RFR (S): 8228857: Refactor PlatformMonitor into PlatformMutex and PlatformMonitor

Tue Aug 6 21:20:56 UTC 2019

> On Aug 6, 2019, at 7:06 AM, David Holmes <david.holmes at oracle.com> wrote:
> 
> Hi Per,
> 
> On 6/08/2019 7:12 pm, Per Liden wrote:
>> Hi David,
>> On 8/6/19 10:06 AM, David Holmes wrote:
>>> Hi Per,
>>> 
>>> On 6/08/2019 5:42 pm, Per Liden wrote:
>>>> Hi David,
>>>> 
>>>> On 8/2/19 1:03 AM, David Holmes wrote:
>>>>> Bug: https://bugs.openjdk.java.net/browse/JDK-8228857
>>>>> webrev: http://cr.openjdk.java.net/~dholmes/8228857/webrev/
>>>> 
>>>> src/hotspot/os/posix/os_posix.hpp
>>>> ---------------------------------
>>>> As far as I recall, the macos bug is only related to the lifecycle of condvars (not mutexes). Is that correct?
>>> 
>>> Not quite. The issue is the allocation of a pthread_mutex_t at an address that previously held a pthread_condvar_t.
>>> 
>>>> If so, PlatformMutex could just always own a plain pthread_mutex_t, and the PLATFORM_MONITOR_IMPL_INDIRECT stuff could be moved to PlatformMonitor to and only deal with the lifecycle of the pthread_cond_t. That way the PlatformMutex would not carry the burden/cost for working around the condvar bug, which would make PlatformMutex even more attractive as a replacement/backing for ZLocks.
>>>> How does that sound?
>>> 
>>> I deliberately took the simplest path to just leave the macOS workaround as is, knowing it means we still pay for the condvar slot on that platform. :)
>>> 
>>> Because the bug involves both types I don't think I can constrain the workaround to only the PlatformMonitor class, as I'd need to control the allocation in the PlatformMutex as well. I could do that with defining and instantiating a different Impl type in PlatformMonitor to be installed by PlatformMutex, but the overall complexity increase doesn't seem like a good trade off to me. Perhaps I've missed a simple way to deal with this?
>> Ok. So we can't have a mutex_t at an address where a cond_t has lived in the past. We guarantee that this can not happen by never actually deallocating any cond_t and instead have our own freelist, essentially protecting those cond_t addresses from ever being reused for any other type. Even if this bug involves both types, just constraining cond_t should be enough to solve the problem, right?
>> Just to illustrate what I'm thinking, I adjusted your patch:
>> http://cr.openjdk.java.net/~pliden/8228857/webrev.0
>> And here's just the diff against your patch:
>> http://cr.openjdk.java.net/~pliden/8228857/webrev.0-diff
>> This keeps the code pretty similar, but puts the cost on PlatforMonitor. Can you spot a problem with this?
> 
> First thanks for taking the time to do this - much appreciated.
> 
> I had considered doing something like this, but then was concerned as to whether the pthread_mutex_t could by chance end up in a location that had once been a pthread_cond_t and so still hit the bug. But I think I was overthinking this as the same could be true for the allocation of the Impl instances.
> 
> I'll take your proposed changes for a test run and in particular see if I can re-run the tests that demonstrated the kernel bug.

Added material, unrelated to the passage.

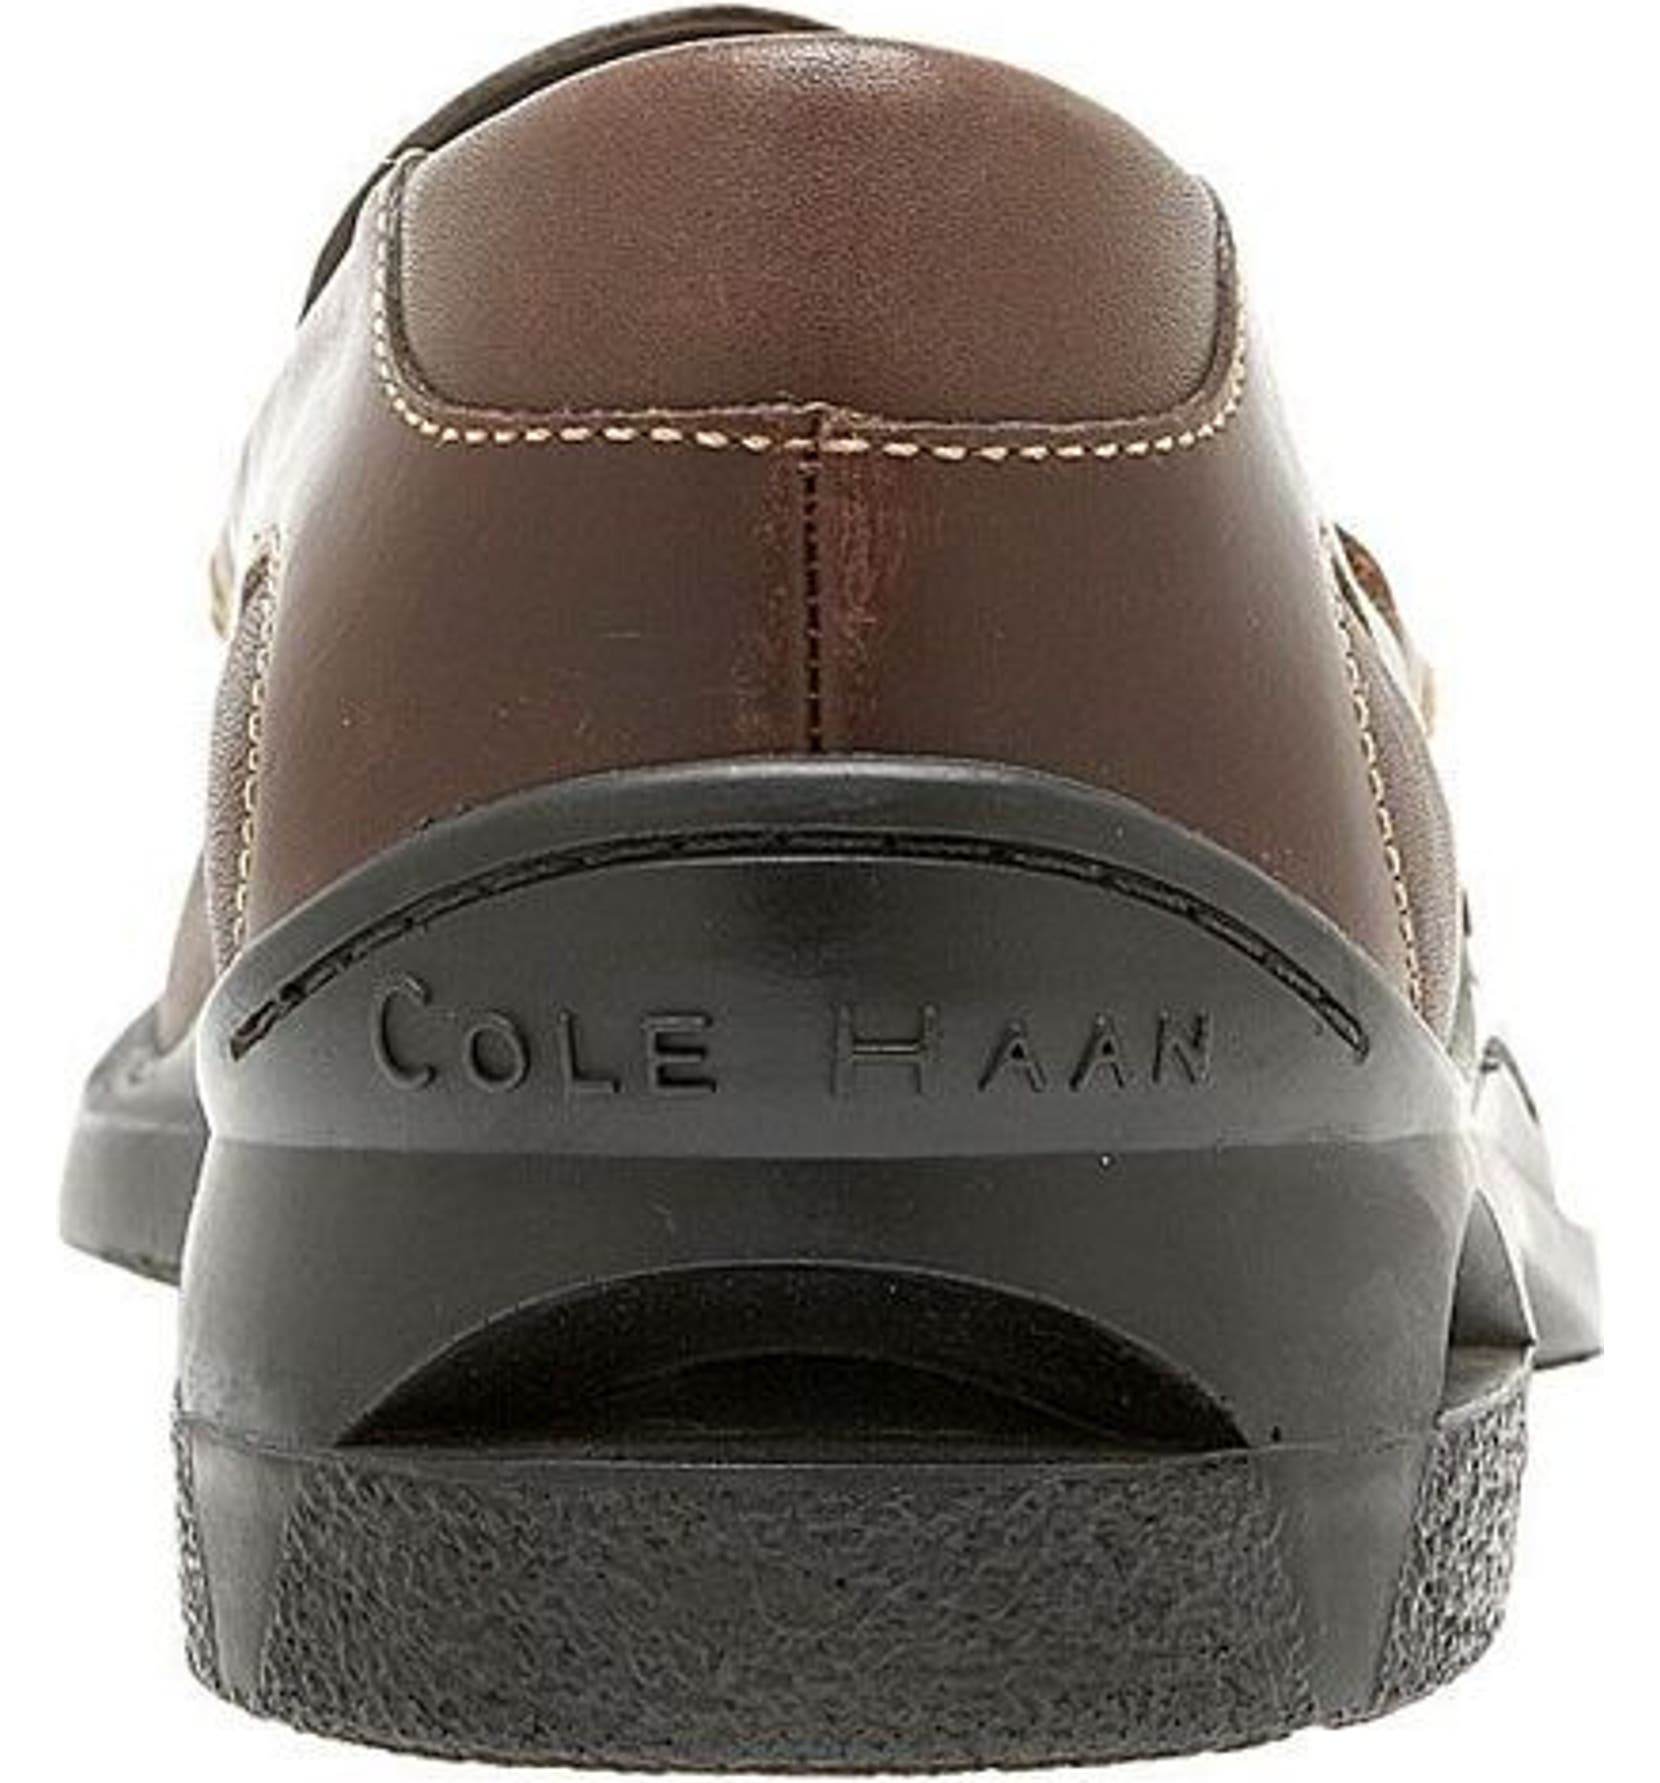 84131412f3a Cole Haan  Air Santa Barbara  Penny Loafer

I was planning to review this, but haven't gotten to it yet. I
initially had the same thought as Per. However, I changed my mind
about it, with the following reasoning.

It is true that only a pthread_cond_t that has been allocated and
later destroyed can cause problems. However, we (the VM) might not be
the only place doing such. Native code, library code, &etc might also
do that. Even the current mechanism doesn't fully protect us from
that. This was something that Patricio and I recognized when we did
the MacOSX workaround; it's not completely bullet proof.

However, with the current mechanism of allocating pthread_mutex/cond_t
pairs and freelisting them, we highwater pretty quickly. We don't have
many places that actually release them. (I don't remember whether
there's anything other than the task terminator mechanism.) And once
we've highwatered, the VM is safe from any further condvar
destructions by non-VM code. So the only risk is from native code
using pthread_cond_t's before that highwater mark is reached.

If the VM only freelists its pthread_cond_t's and not its
pthread_mutex_t's, instead allocating and deleting the latter normally
(as Per suggested and I had originally intended to suggest), then the
VM's pthread_mutex_t's are subject to getting scrambled by ongoing
non-VM pthread_cond_t usage.